Tenho presentes, ainda, duas outras deliciosas passagens, nas quais Benjamin mostrou todo o seu espírito de grande gozador, sutil e inteligente. Em um restaurante bastante simples, mas que estava lotado, repleto de crianças, com garçons mal preparados e que se trombavam pondo em risco as bandejas que portavam, com clientes reclamando aos altos brados e nós querendo que alguém nos servisse para irmos embora, Benjamin, depois de muito tempo e esforço, conseguiu que um garçom nos atendesse. Pensávamos que ele pediria os pratos e as bebidas, mas, não, com o semblante sério e circunspeto limitou-se a ordenar "o senhor, por favor, traga-nos guardanapos de pano, pois não usamos de papel" para um garçom abobalhado em face do pedido, para ele, absolutamente incomum, estranho e até incompreensível.
Em um fim de semana, meu irmão, José Eduardo foi ter conosco no Guarujá. Disse-lhe que iríamos almoçar na casa de Gilda e Benjamin.
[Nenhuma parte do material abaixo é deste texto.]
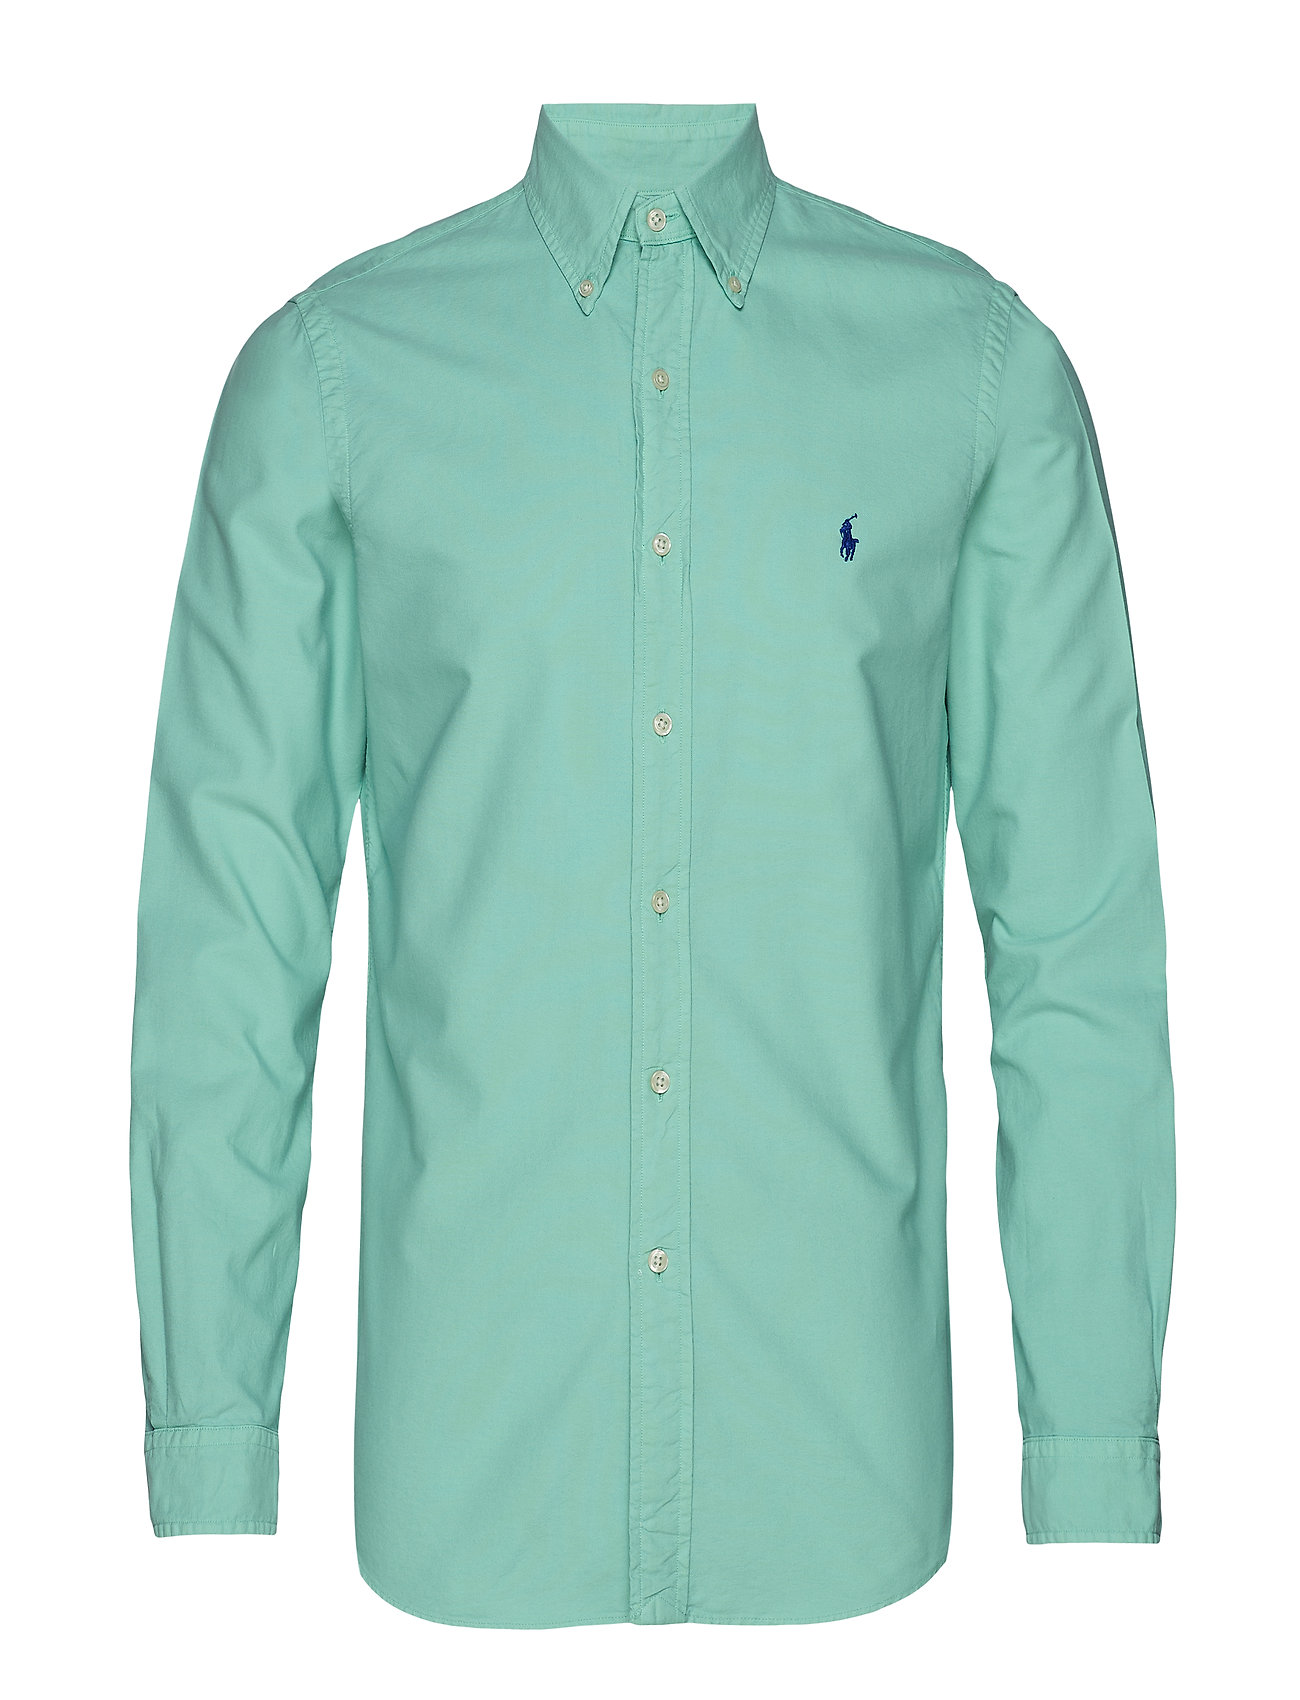 GreenPolo Slim Fit Shirtsunset Ralph Lauren Oxford DW29IEH

Sabedor das qualidades culinárias daquela casa, ele, glutão que era, entusiasmou-se e passou a nos apressar. Ao chegarmos fomos, como sempre, recebidos fidalgamente, e encaminhados para a mesa da varanda posta para os aperitivos. Sem nenhuma cerimônia Zé Eduardo iniciou os trabalhos, incentivado por Benjamin, que se mostrou entusiasmado e feliz com aquele voraz comensal, que lhe parecia ser "um dos seus". Em seguida passou a indagar se ele queria uma cerveja, um wisk, uma vodca, um gim, um rum, um vinho, campari, uma caipirinha fosse de que fruta fosse, enfim que bebida alcoólica desejava. Meu irmão que dizia não a cada uma delas, o que já foi irritando o dono da casa, por fim pediu solenemente uma coca cola. Esse pedido, uma verdadeira desfeita, quase uma ofensa pessoal, um verdadeiro despropósito levou o decepcionado, indignado e frustrado anfitrião a levantar-se da mesa para afirmar em alto e bom som "saiba o senhor que na minha casa isso não entra". Percebia-se pelo leve sorriso maroto que Benjamin estava se deliciando com a cena, mas não media esforços para que meu irmão acreditasse na sinceridade da sua braveza...
Mais, muito mais eu teria para escrever sobre esse excepcional amigo. Em outra ocasião talvez. Tenho certeza que Benjamin propriamente não morreu, apenas está vivendo de outra forma, vivendo além da curva da estrada.